─── DATA ───
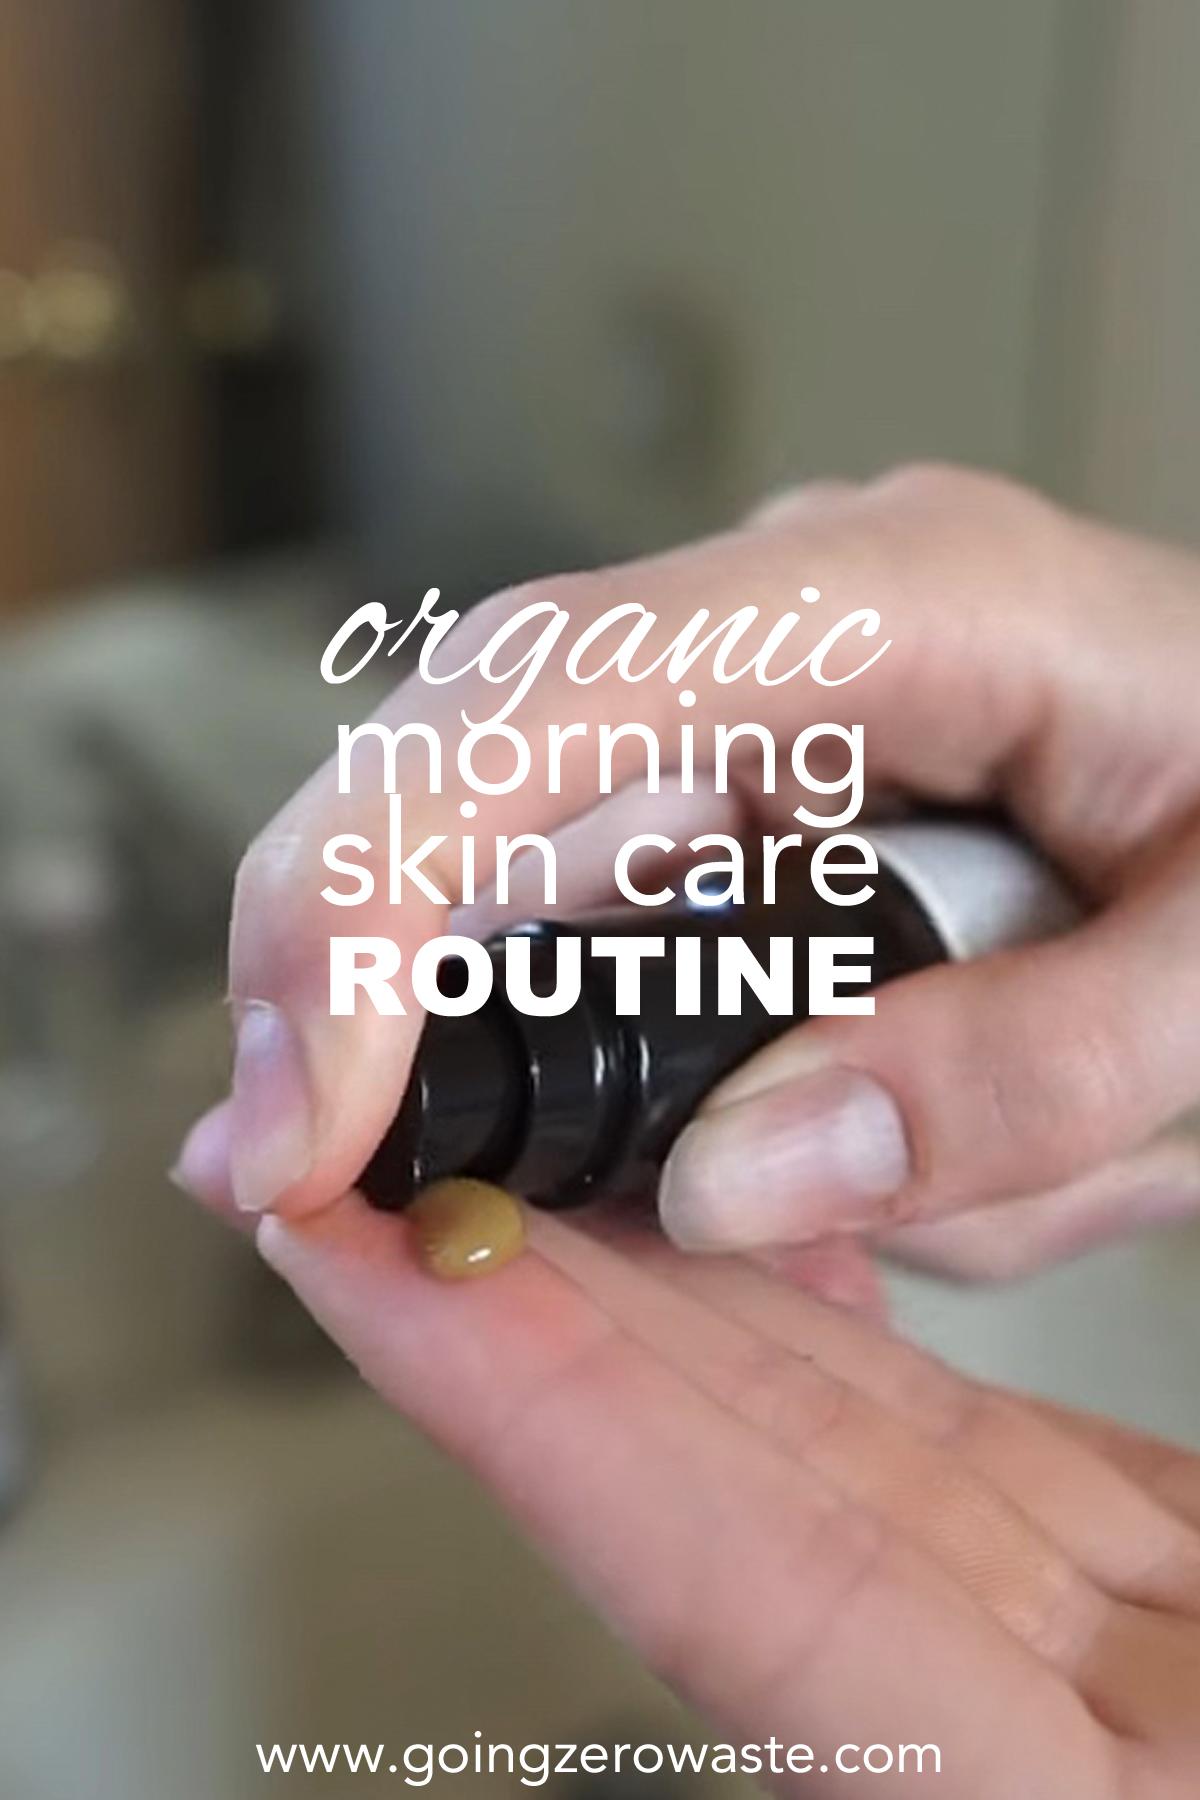 Organic, Morning Skin Care Routine from www.goingzerowaste.com
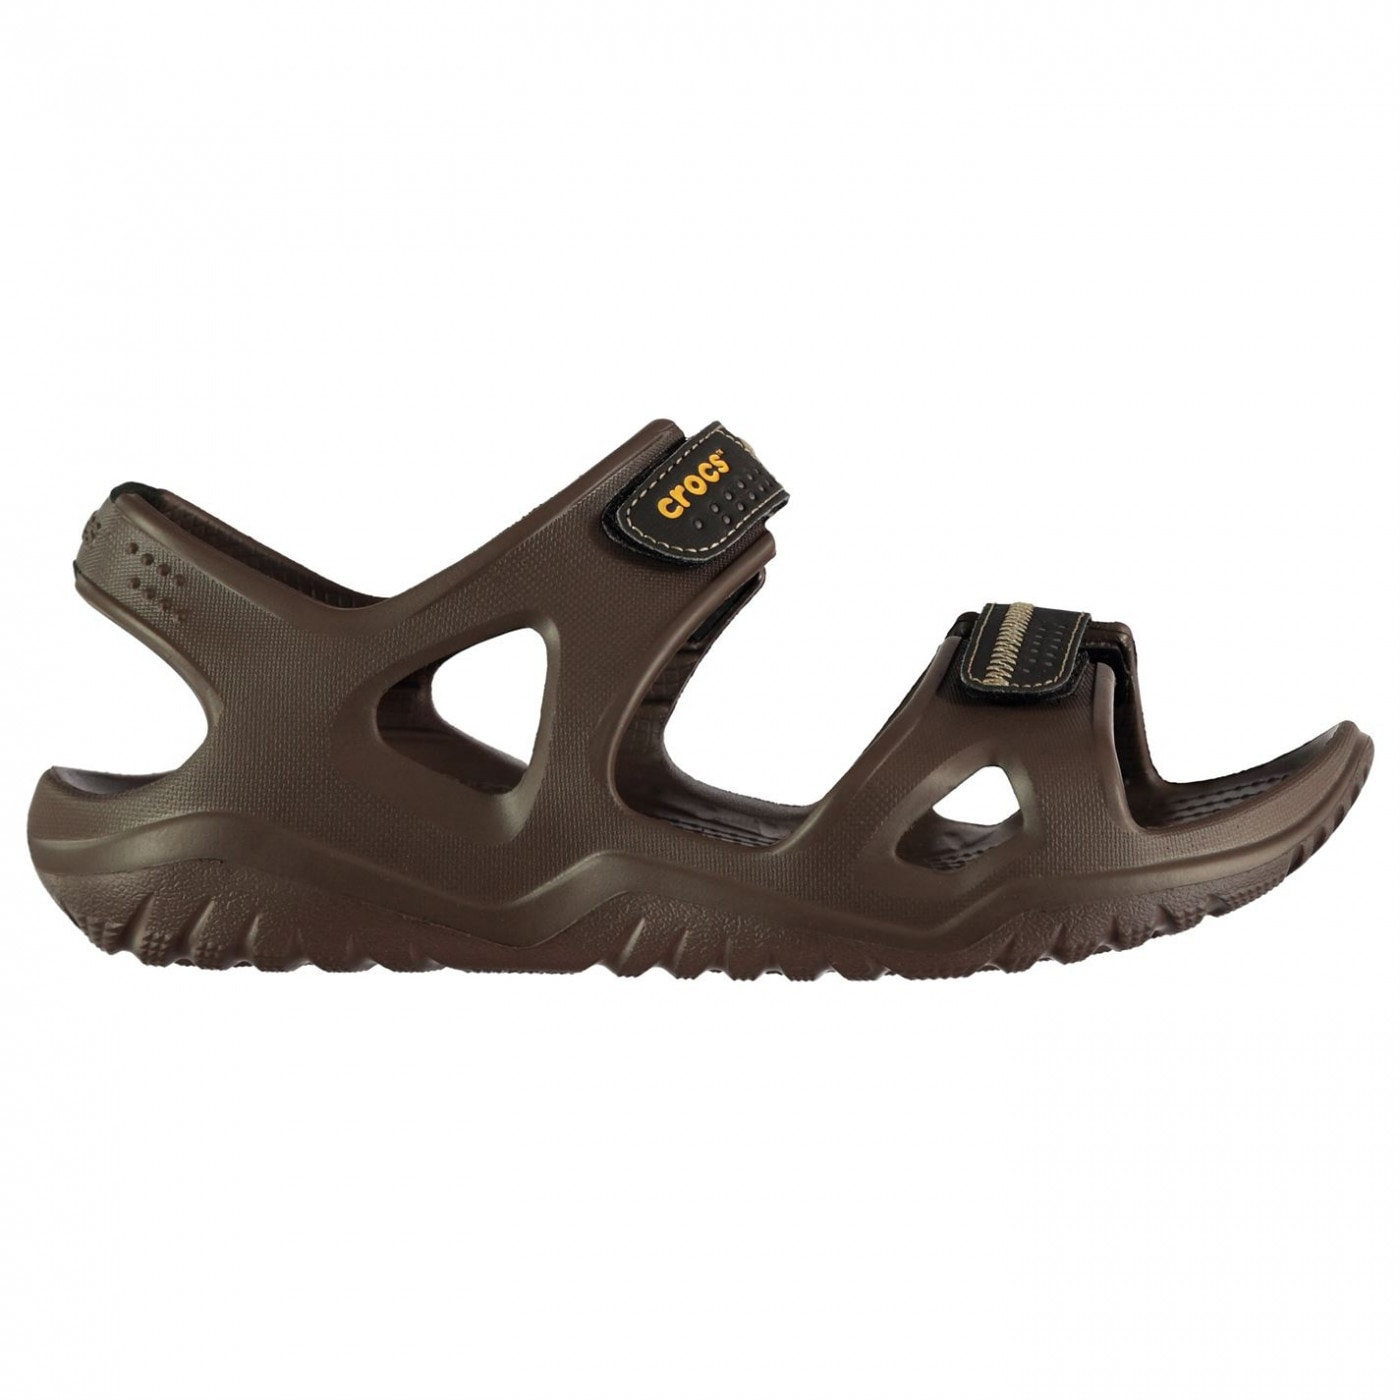 Crocs Swiftwater Sn93
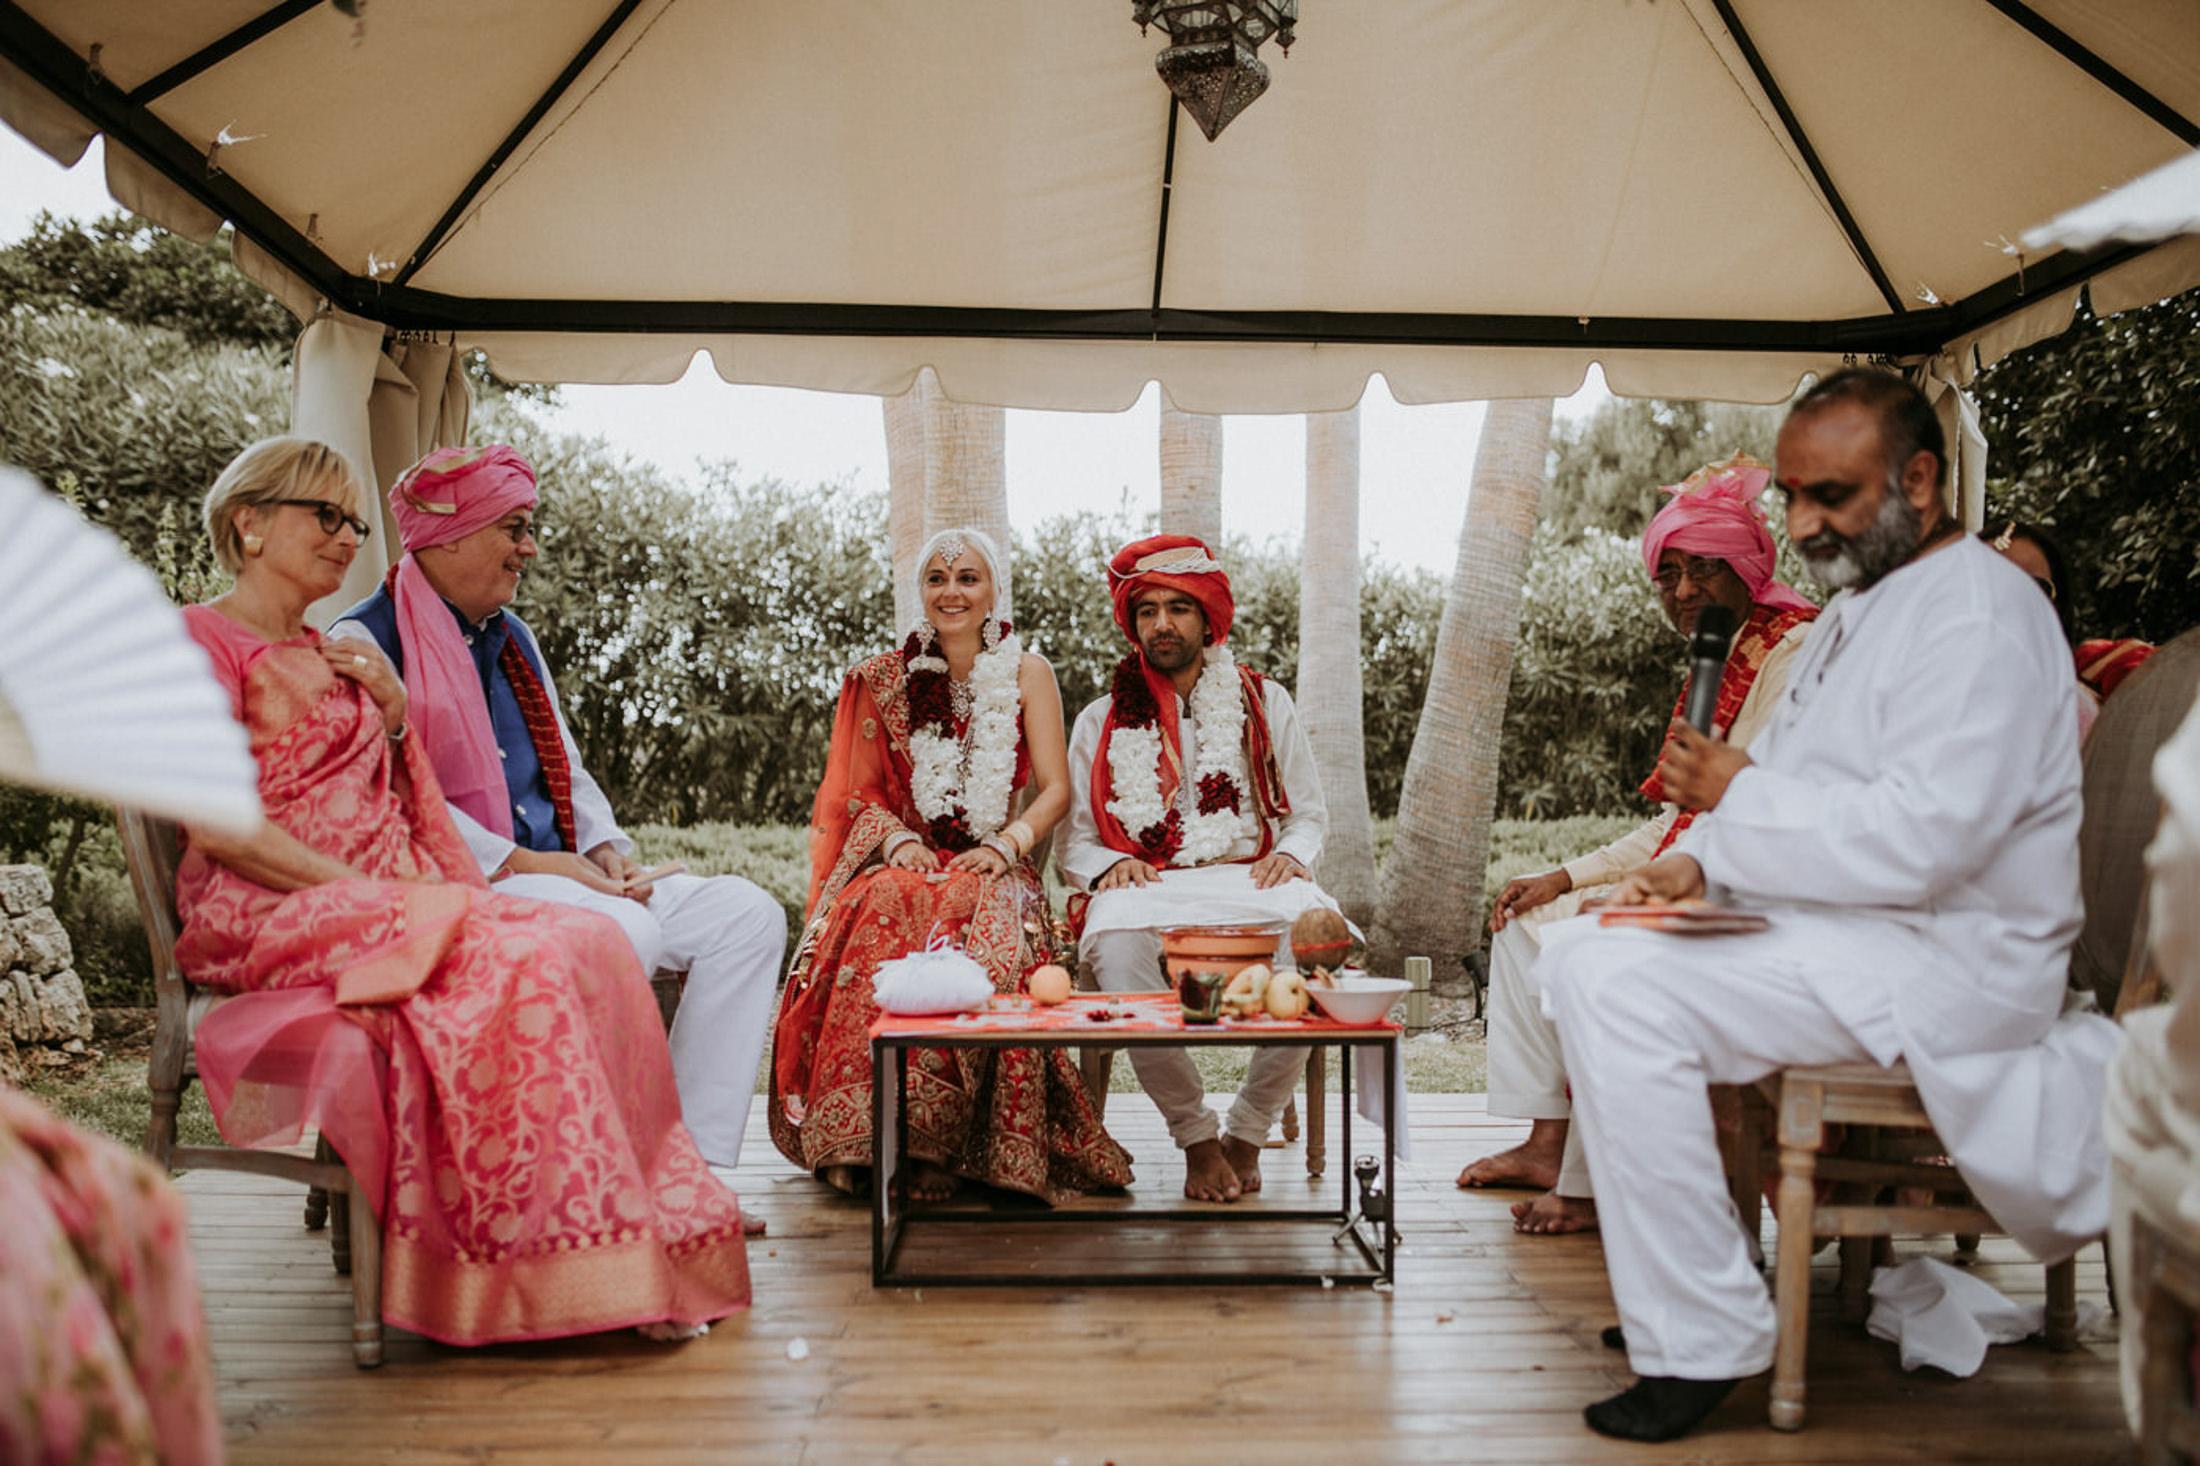 Wedding_Photographer_Mallorca_Daniela-Marquardt_Photography_New_York_Iceland_Tuscany_Santorini_Portugal_Austria_Bavaria_Elopement_Hochzeitsfotograf_AntjeRajat2_46
───
**WHAT IS NEEDED**
The response has to be an exact copy of all the data, pictures excluded.

**SOLUTION TO THIS EXERCISE**
 Organic, Morning Skin Care Routine from www.goingzerowaste.com
 Crocs Swiftwater Sn93
 Wedding_Photographer_Mallorca_Daniela-Marquardt_Photography_New_York_Iceland_Tuscany_Santorini_Portugal_Austria_Bavaria_Elopement_Hochzeitsfotograf_AntjeRajat2_46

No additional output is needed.